* Exercise:
Please output exactly the lines below, starting at the line that has "Obst und Gemuese, Verkauf, Zakopane, Polen" and ending at the line that has "Balle de football", both included; leave out all pictures and include nothing else.

* Exercise data:
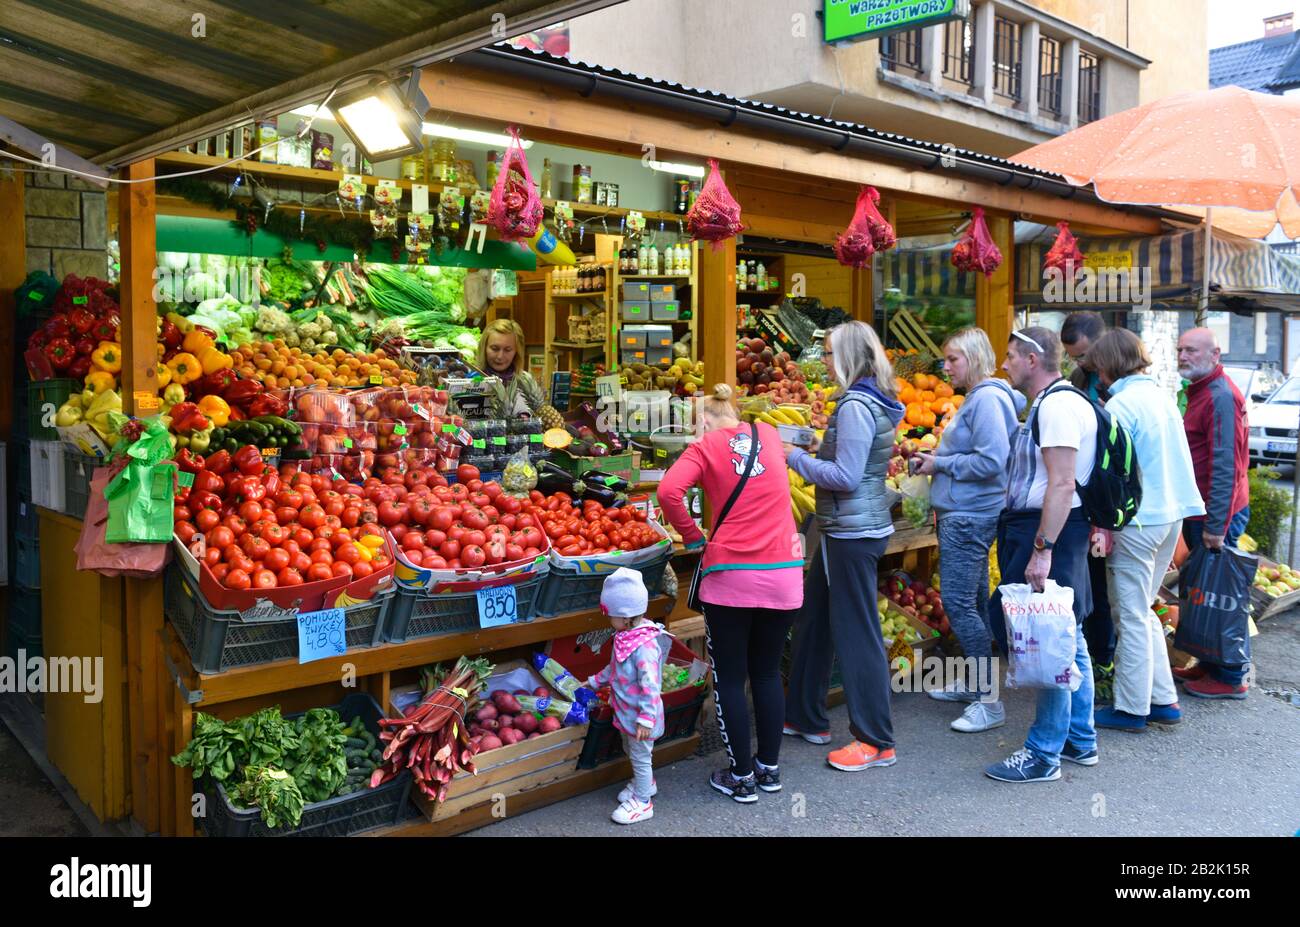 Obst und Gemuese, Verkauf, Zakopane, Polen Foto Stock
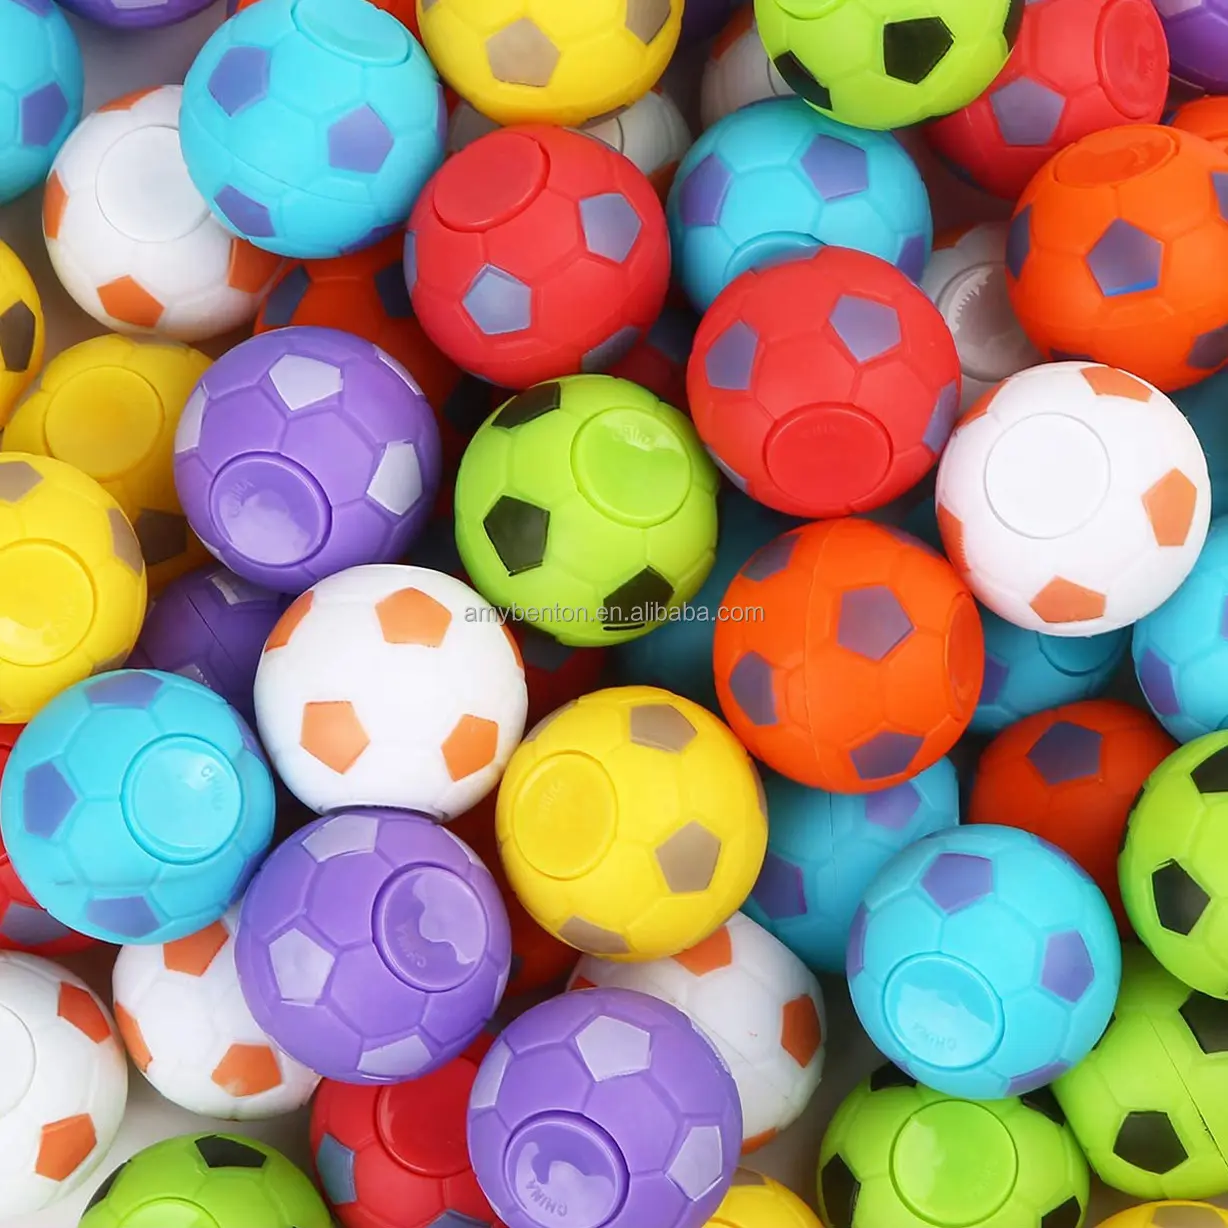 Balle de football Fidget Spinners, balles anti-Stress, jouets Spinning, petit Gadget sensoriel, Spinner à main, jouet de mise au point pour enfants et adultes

==

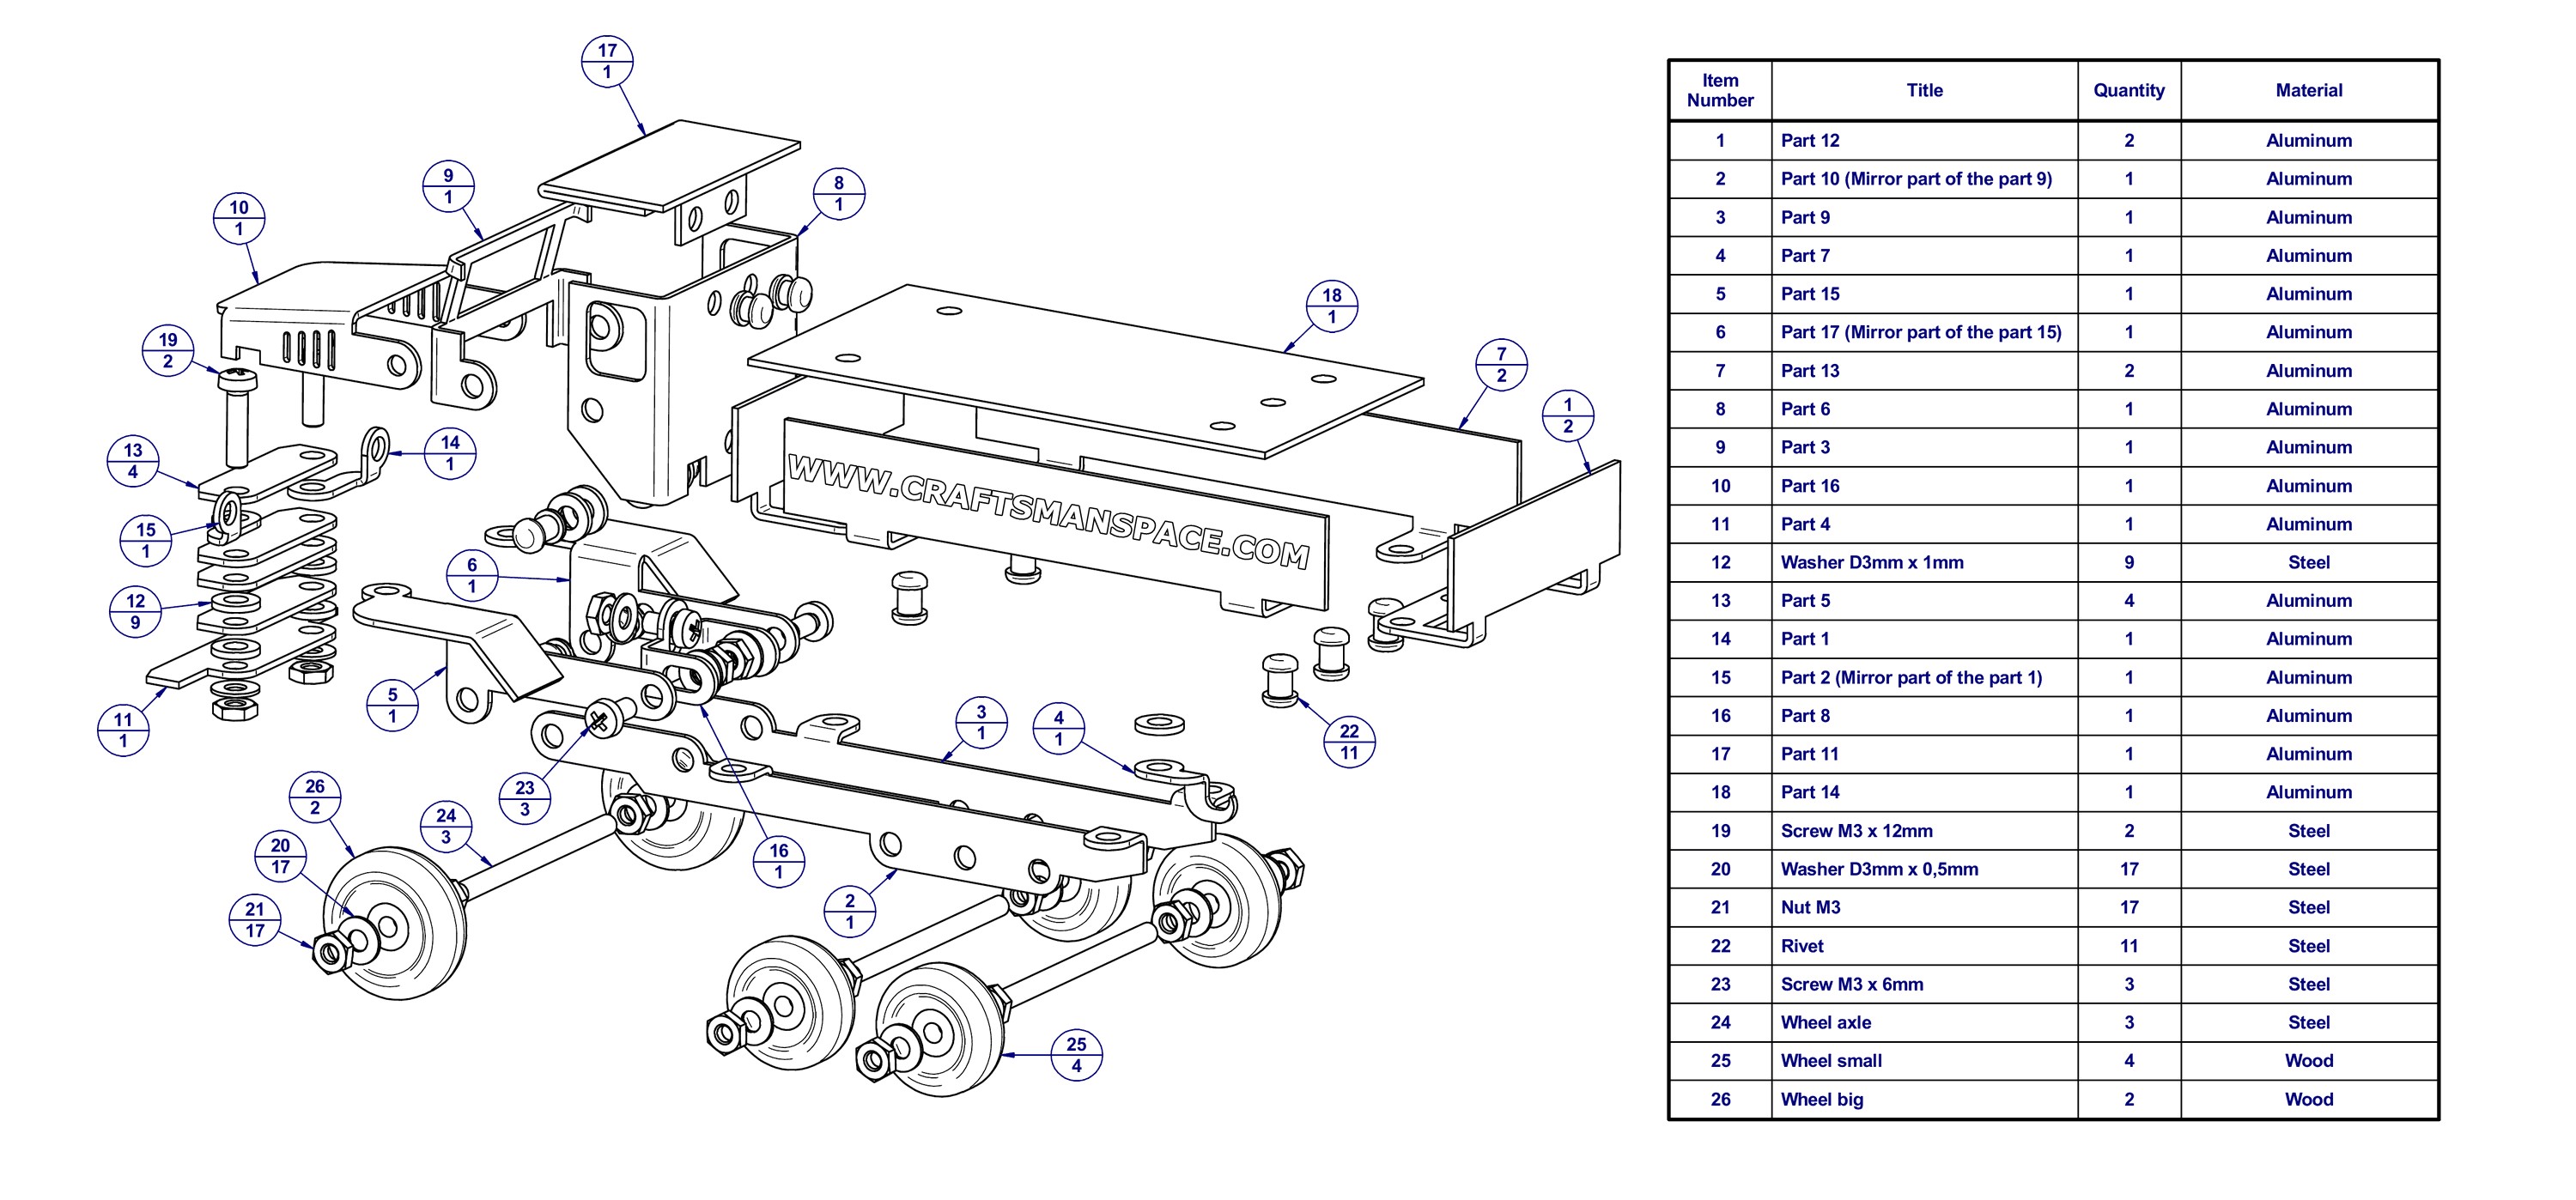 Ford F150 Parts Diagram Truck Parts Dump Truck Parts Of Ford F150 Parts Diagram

--

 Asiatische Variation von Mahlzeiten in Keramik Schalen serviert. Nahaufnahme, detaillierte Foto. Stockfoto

* Answer box:
 Obst und Gemuese, Verkauf, Zakopane, Polen Foto Stock
 Balle de football Fidget Spinners, balles anti-Stress, jouets Spinning, petit Gadget sensoriel, Spinner à main, jouet de mise au point pour enfants et adultes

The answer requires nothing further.